+++ DATA SECTION

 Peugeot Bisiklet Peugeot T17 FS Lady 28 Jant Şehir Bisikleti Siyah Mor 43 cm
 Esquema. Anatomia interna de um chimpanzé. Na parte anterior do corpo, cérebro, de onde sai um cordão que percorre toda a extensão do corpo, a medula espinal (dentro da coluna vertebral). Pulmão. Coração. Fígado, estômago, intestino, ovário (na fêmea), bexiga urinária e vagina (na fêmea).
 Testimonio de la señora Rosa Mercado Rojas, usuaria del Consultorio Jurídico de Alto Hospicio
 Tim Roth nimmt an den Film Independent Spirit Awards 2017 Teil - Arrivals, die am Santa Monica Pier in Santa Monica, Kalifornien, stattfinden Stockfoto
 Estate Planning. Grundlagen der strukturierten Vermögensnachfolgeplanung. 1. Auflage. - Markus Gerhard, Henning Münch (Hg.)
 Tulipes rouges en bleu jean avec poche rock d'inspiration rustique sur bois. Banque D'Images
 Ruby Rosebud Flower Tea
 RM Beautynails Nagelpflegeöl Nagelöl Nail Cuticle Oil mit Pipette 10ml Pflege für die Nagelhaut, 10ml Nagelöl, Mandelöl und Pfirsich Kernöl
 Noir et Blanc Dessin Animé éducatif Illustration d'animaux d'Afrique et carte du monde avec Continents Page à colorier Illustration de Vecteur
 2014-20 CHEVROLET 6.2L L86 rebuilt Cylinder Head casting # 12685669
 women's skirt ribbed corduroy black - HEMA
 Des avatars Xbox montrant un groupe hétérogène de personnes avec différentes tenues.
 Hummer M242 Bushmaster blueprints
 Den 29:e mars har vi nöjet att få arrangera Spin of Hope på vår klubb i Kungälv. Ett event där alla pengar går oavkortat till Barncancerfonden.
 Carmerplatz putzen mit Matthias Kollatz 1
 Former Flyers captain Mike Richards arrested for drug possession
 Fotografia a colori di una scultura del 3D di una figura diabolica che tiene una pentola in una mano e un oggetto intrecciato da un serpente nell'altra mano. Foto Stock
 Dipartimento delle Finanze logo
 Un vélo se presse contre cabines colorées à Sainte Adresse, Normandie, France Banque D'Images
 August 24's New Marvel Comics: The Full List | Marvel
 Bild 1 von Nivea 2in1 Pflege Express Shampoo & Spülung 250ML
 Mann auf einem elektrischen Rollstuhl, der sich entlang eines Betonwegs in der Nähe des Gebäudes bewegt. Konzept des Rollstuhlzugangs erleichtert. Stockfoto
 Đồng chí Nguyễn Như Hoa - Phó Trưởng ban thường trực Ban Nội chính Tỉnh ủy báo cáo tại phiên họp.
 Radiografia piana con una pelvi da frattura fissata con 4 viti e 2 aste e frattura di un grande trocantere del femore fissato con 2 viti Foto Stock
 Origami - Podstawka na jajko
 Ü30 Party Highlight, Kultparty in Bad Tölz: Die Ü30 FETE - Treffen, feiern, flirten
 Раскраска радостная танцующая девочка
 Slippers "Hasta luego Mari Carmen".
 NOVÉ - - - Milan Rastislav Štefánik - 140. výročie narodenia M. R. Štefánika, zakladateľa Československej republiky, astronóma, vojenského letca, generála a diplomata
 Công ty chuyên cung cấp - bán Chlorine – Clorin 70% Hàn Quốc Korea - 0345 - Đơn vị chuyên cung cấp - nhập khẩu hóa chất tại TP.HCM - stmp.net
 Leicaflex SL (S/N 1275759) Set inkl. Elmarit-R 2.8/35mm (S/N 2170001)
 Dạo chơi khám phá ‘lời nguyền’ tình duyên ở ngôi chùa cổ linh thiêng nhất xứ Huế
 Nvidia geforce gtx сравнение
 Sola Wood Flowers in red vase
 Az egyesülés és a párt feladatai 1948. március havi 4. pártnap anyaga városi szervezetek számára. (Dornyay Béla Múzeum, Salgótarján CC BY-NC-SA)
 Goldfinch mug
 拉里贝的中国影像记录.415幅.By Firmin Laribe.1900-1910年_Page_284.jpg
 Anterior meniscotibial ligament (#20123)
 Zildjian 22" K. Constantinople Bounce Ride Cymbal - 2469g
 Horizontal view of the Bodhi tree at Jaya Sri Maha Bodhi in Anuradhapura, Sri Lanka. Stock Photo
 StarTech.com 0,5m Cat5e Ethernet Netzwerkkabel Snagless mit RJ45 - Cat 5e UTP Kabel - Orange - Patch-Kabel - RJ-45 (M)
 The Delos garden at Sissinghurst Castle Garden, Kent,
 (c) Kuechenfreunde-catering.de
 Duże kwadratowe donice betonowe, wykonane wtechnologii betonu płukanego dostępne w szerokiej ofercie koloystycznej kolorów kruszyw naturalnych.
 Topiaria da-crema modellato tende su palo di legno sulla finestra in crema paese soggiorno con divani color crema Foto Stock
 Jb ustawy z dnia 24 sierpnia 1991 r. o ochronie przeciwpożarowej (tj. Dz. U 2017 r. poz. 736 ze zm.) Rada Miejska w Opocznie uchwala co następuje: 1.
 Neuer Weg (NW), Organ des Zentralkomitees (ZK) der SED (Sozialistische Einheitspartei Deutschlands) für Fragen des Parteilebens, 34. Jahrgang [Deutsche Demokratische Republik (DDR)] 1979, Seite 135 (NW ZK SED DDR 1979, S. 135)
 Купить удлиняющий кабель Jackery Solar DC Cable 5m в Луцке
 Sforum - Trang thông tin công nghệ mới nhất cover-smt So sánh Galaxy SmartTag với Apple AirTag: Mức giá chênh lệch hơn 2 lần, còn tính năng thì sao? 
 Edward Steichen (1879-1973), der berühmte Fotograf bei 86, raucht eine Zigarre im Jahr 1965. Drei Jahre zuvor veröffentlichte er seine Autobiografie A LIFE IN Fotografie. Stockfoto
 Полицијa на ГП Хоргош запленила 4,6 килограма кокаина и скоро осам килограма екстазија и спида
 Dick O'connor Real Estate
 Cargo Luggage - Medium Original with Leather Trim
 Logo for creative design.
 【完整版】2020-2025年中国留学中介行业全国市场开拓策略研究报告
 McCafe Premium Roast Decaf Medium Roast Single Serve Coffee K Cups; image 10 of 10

++++++

▸ WORK TO BE COMPLETED
Copy every line in the records above that contains the word "Pflege".

▸ TASK SOLUTION
 RM Beautynails Nagelpflegeöl Nagelöl Nail Cuticle Oil mit Pipette 10ml Pflege für die Nagelhaut, 10ml Nagelöl, Mandelöl und Pfirsich Kernöl
 Bild 1 von Nivea 2in1 Pflege Express Shampoo & Spülung 250ML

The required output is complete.